The 2017 publication in which he adds vitamin D3.

Frank C. Church mentions Phillipson's work in one of his frequent articles full of valuable information. I continue to learn a lot here and on blogs like Church's. journeywithparkinsons.com/2...

LAJ12345 profile image
LAJ12345

try the combination of Hardys daily essential nutrients and restore gold. Plus coq10 and melatonin. Ticks all the boxes

Najuris profile image
Najuris

About my experience with pramipexole:

I've been diagnosed PD in november2019, confirmed by a SPECT with DATScan test on April 2020.

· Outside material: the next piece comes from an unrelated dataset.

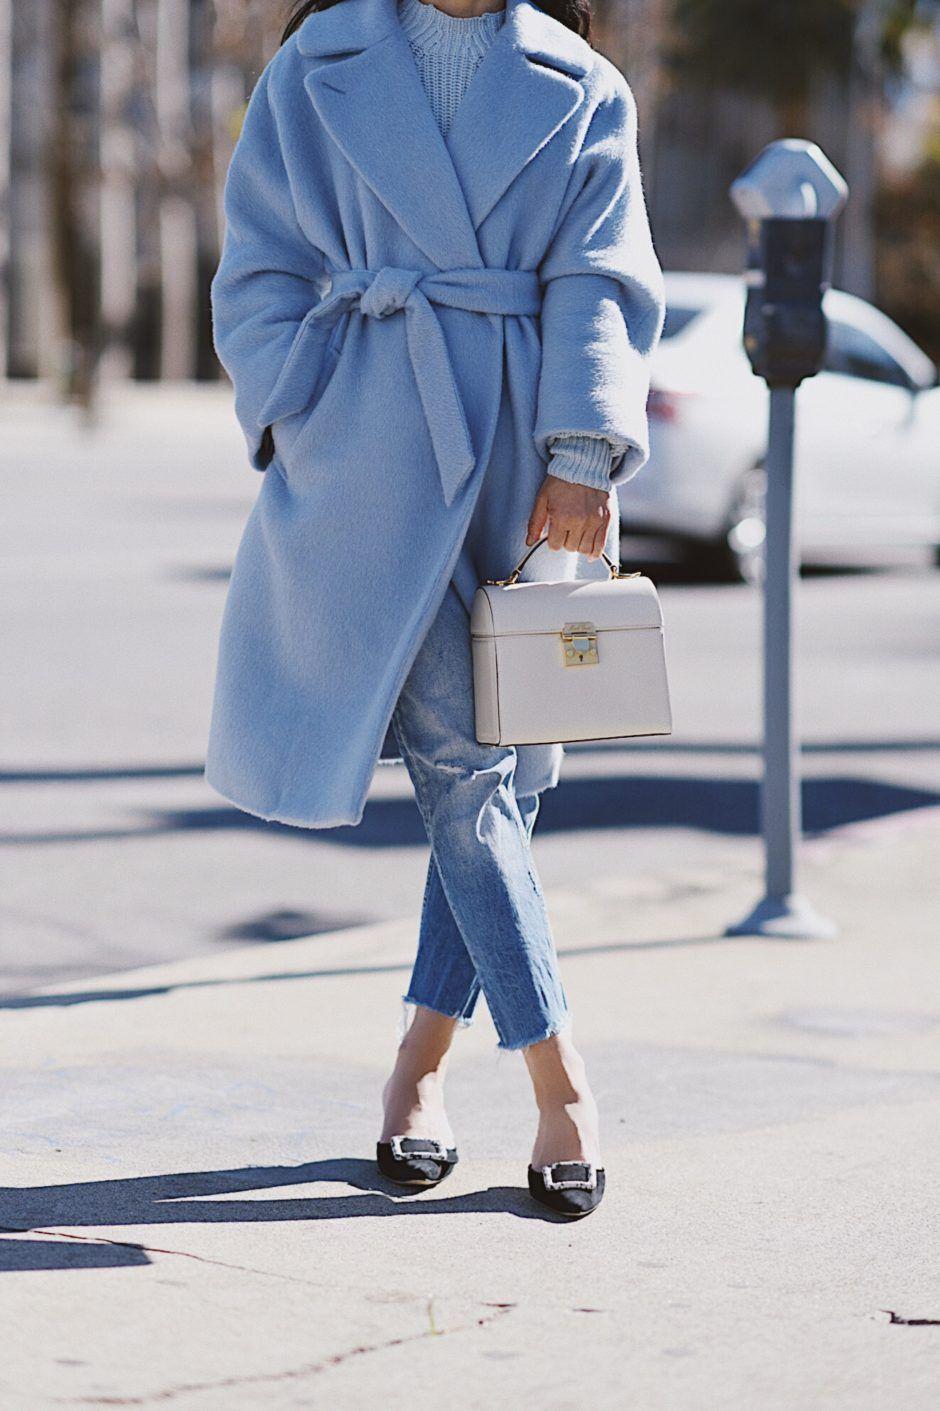 Blue Max Mara Weekend Coat Mark Cross Bag Manolo Blahnikhq Mules Via Halliedaily Blue Coat Outfit Fall Fashion Coats Blue Coats

Since than I'm taking these medication:

Selegiline 5mg /1d

Pramipexole 2,1mg/1d

vitamin B1 (thiamine) 100mg/ 2 intramuscular injection per wk

At the moment I'm not taking carbodopa/levodopa although doctor push me to take it.

As PD and therapy related symptoms I have a variable stiffness on my right leg, sleepiness in the afternoon. All symptoms get worst when I'm stressed or I have a night sleep of less of 7 hours.

I know that by using carbodopa/levodopa I could improve my walking, but at the moment in my evaluation its possible side effects (dyskinesia, insomnia, costipation, etc) are a cost to high for the benefit of a better walking.